Minimum is Python **3.9**. All files that use `X | Y` union type annotations **must** have `from __future__ import annotations` as the first import. Without it, the `|` syntax raises `TypeError` at runtime on Python < 3.10. Every module in `arma_modlist_tools/` already has it; any new CLI script you add must include it too.

### `fix_console_encoding` — `None` stdout guard

When the GUI is launched via `pythonw.exe` (no console window), Python sets `sys.stdout` and `sys.stderr` to `None`. `fix_console_encoding()` must check `if sys.stdout is None or sys.stderr is None: return` **before** accessing `.encoding`, otherwise it raises `AttributeError: 'NoneType' object has no attribute 'encoding'`. This error surfaces in the GUI as *"Failed to load pipeline"* because `run.py` calls `fix_console_encoding()` at module level and the exception is caught by the pipeline import guard.

## Test Suite

`test_suite.py` uses a custom harness (no pytest/unittest dependency).
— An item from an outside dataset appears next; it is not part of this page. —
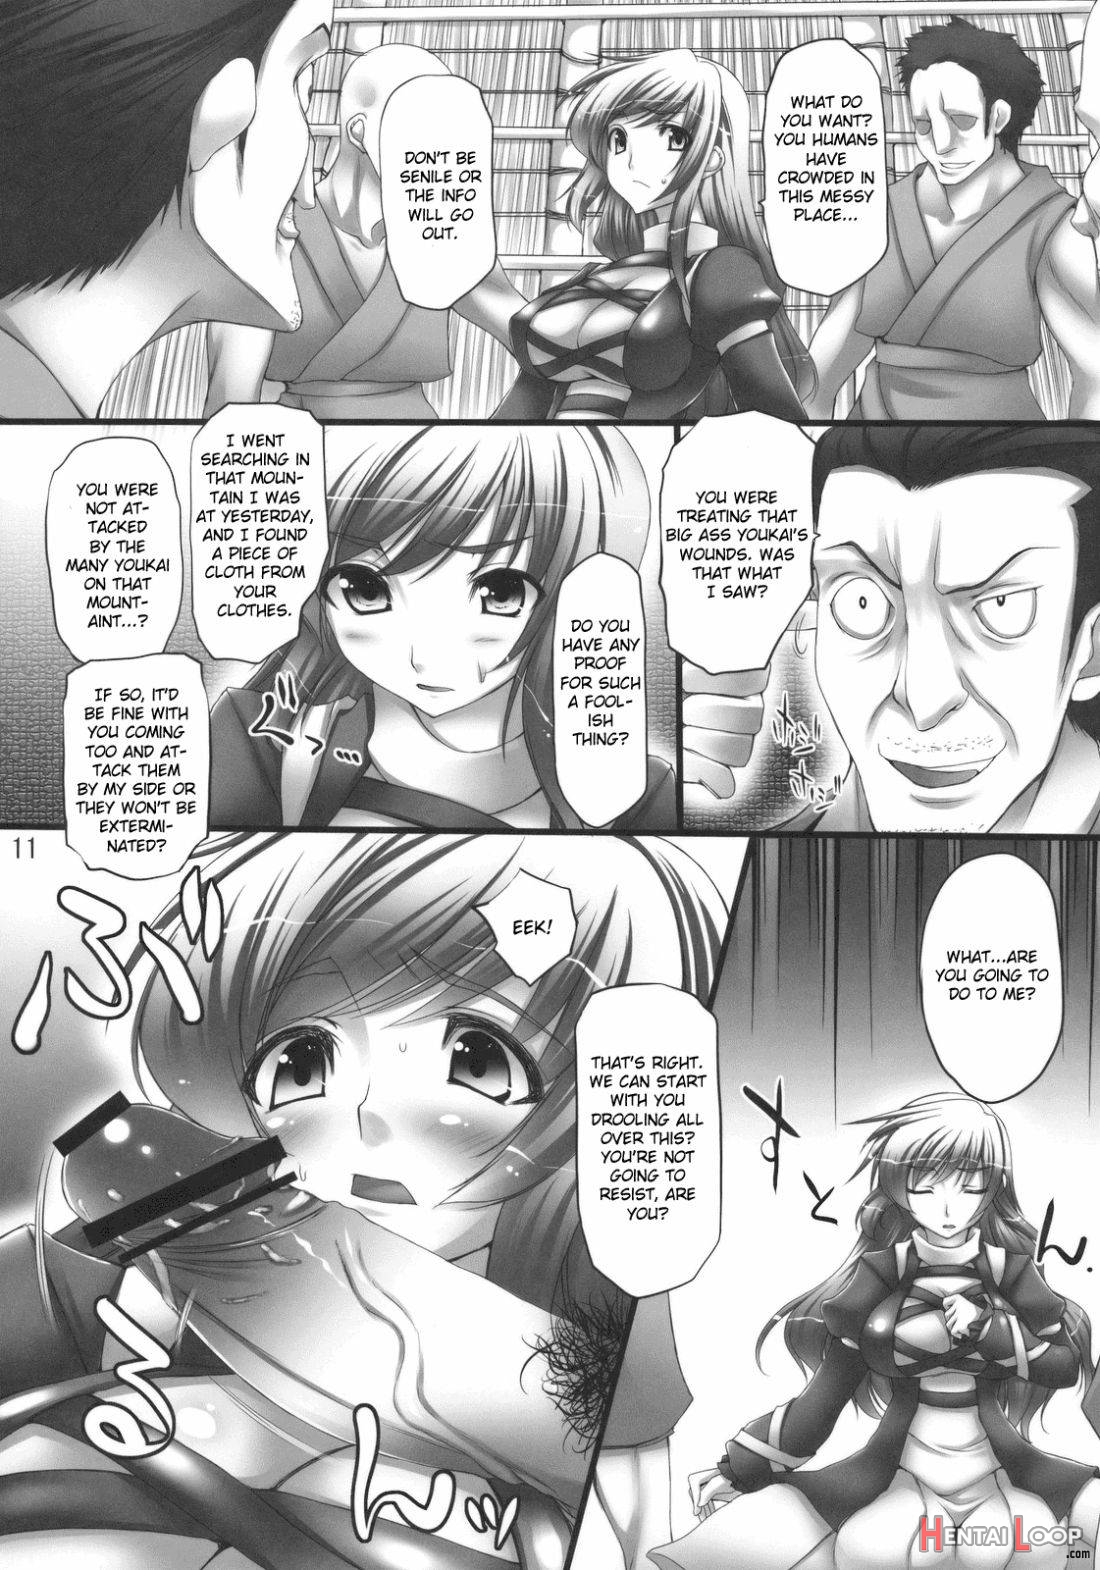 Betrayal page 8

Structure:

```python
group("section name")   # prints header
test("description", callable)  # runs fn, catches exceptions, tracks pass/fail
skip("description", "reason")  # marks skipped
```

Tests that exercise the linker use `tempfile.TemporaryDirectory()` — never the real `arma_dir`. Tests that would require network calls mock `list_mod_files` with `unittest.mock.patch`.

## Key Files Not in Git

- `config.json` — credentials + paths (copy from `config.template.json`)
- `downloads/` — downloaded mod files, can be several GB
- `modlist_json/` — generated JSON output

The `.html` preset files in `modlist_html/` **are** tracked as example inputs.